B Cells in RA & Mechanism of Action of MabThera® (rituximab)
Rheumatoid arthritis (RA) is a destructive inflammatory disease, to which B cells make a significant contribution. B cells have at least three critical roles in the pathophysiology of RA: antigen presentation leading to T cell activation, autoantibody production and pro-inflammatory cytokine production (Shaw et al. 2003). The important role that B cells play in the development of rheumatoid arthritis is confirmed by the effectiveness of selectively targeting B cells with MabThera® (rituximab) (Cohen et al. 2006).

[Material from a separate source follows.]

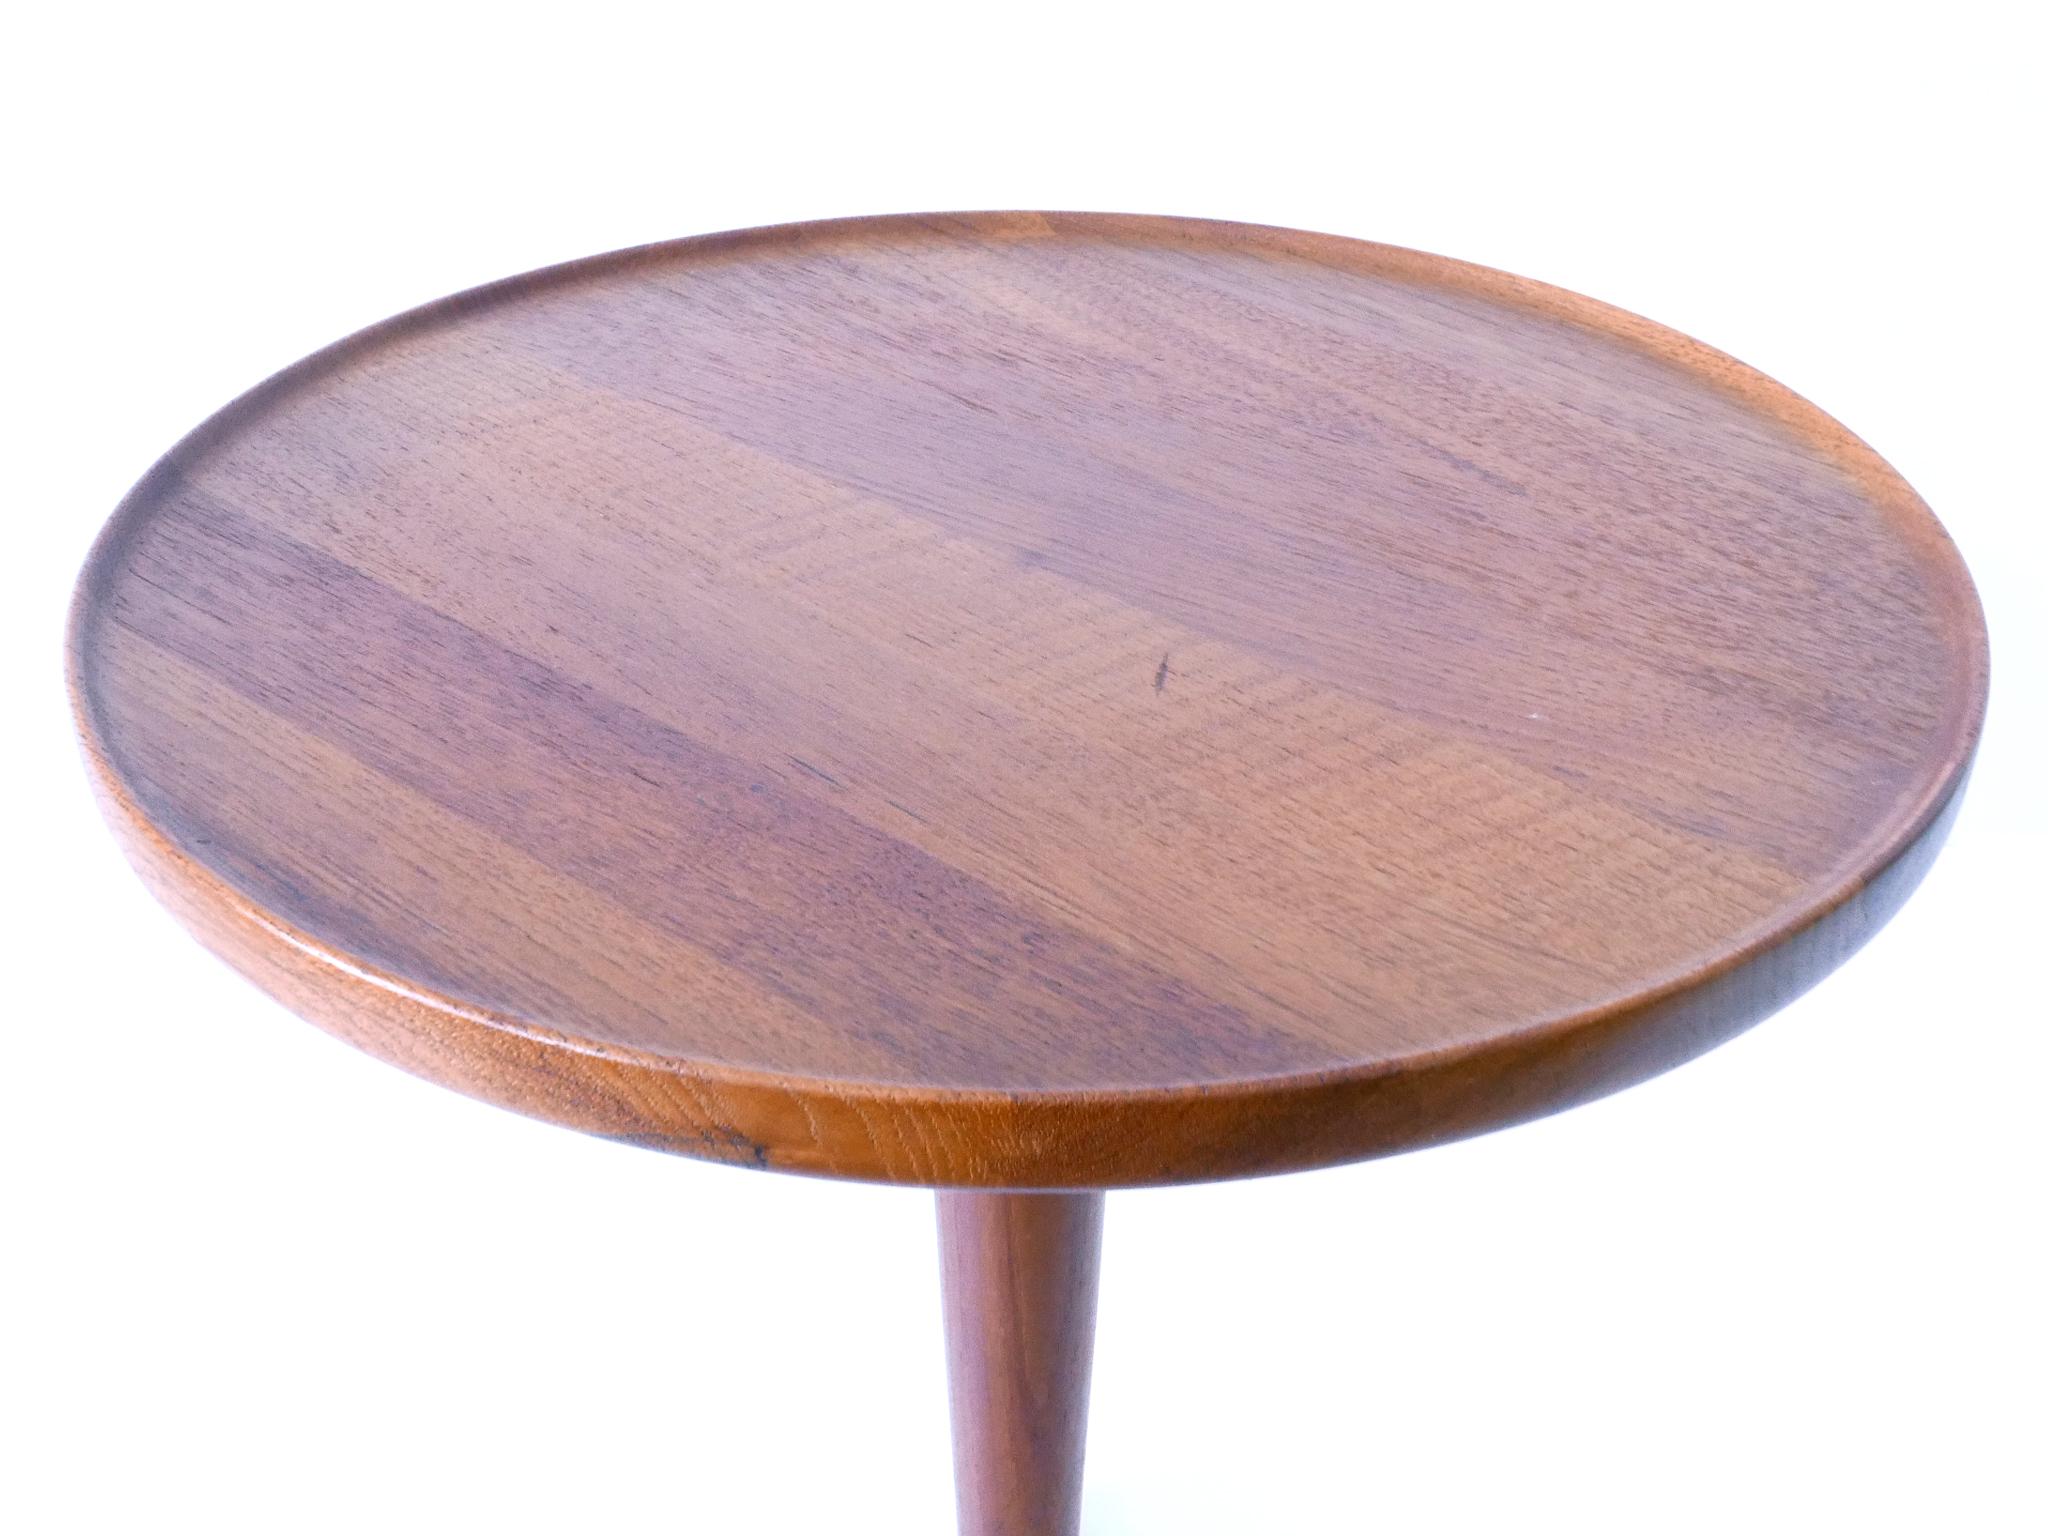 Elegant Mid-Century Modern Teak Side Table by Hans C. Andersen for Artek 1960s For Sale 8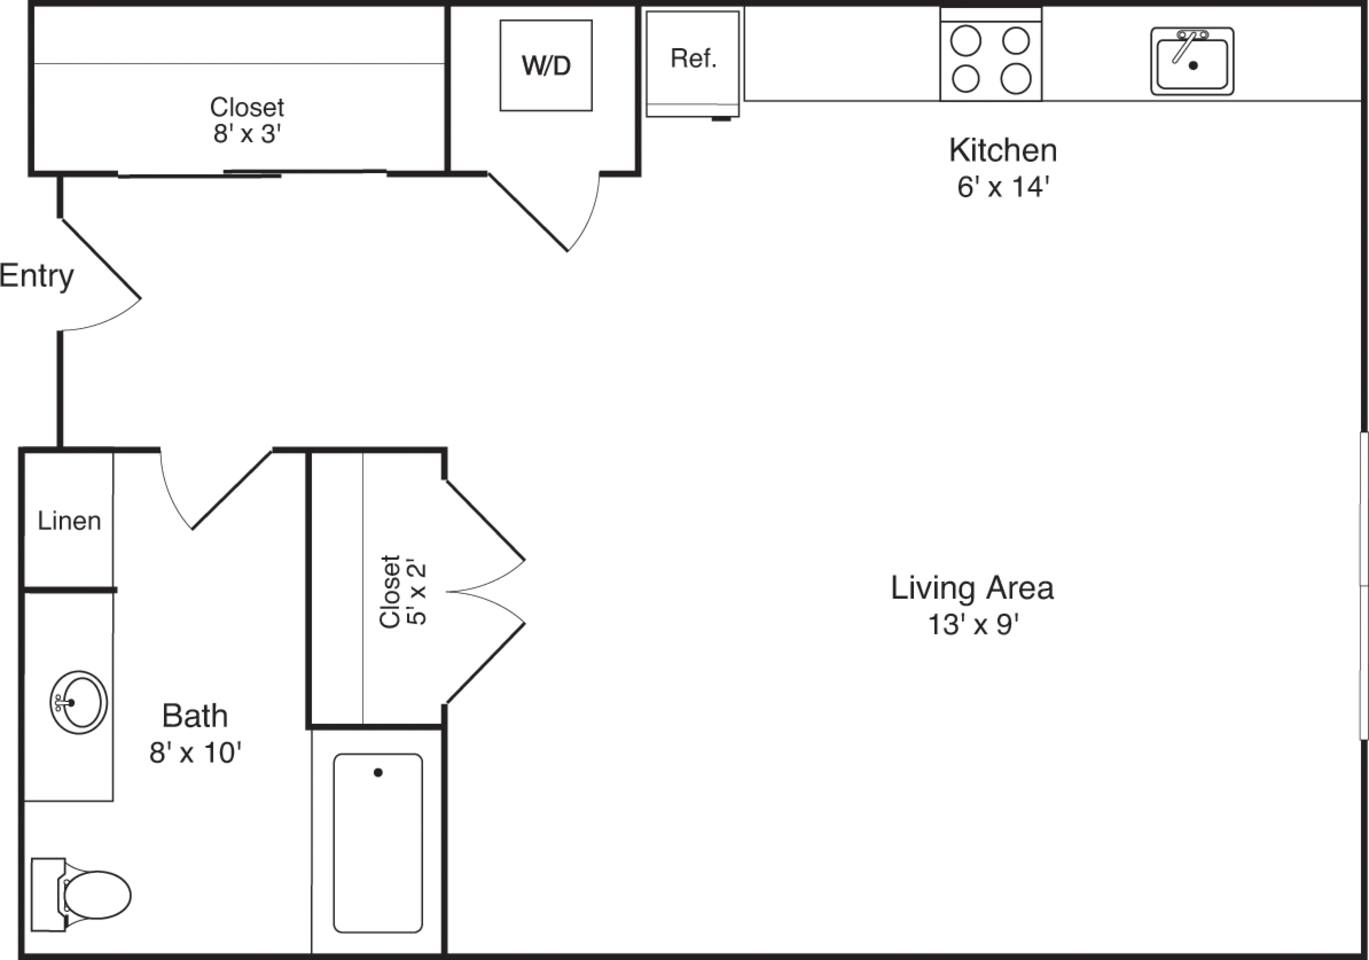 Floorplan diagram for S4, showing Studio

MabThera binds specifically to a unique cell-surface marker CD20, which is found on a subset of B cells but not on stem cells, pro-B cells, plasma cells or any other cell type.
As a result, B cell populations recover after MabThera treatment and acquired immunity is left intact (Edwards et al. 2004; Shaw et al. 2003; Silverman et al. 2003; Sell & Max 2001; Roitt et al. 2001; Cohen et al. 2006).
CD20 is expressed on mature B cells providing a target for MabThera. When MabThera binds to CD20 it activates one of the following three mechanisms that contribute to selective B cell depletion: cell-mediated cytotoxicity, complement-activated B cell lysis or apoptosis. Overall, selective B cell therapy removes a direct source of activation signal for inflammatory cells and inhibits the inflammatory process in rheumatoid arthritis. (Shaw et al. 2003).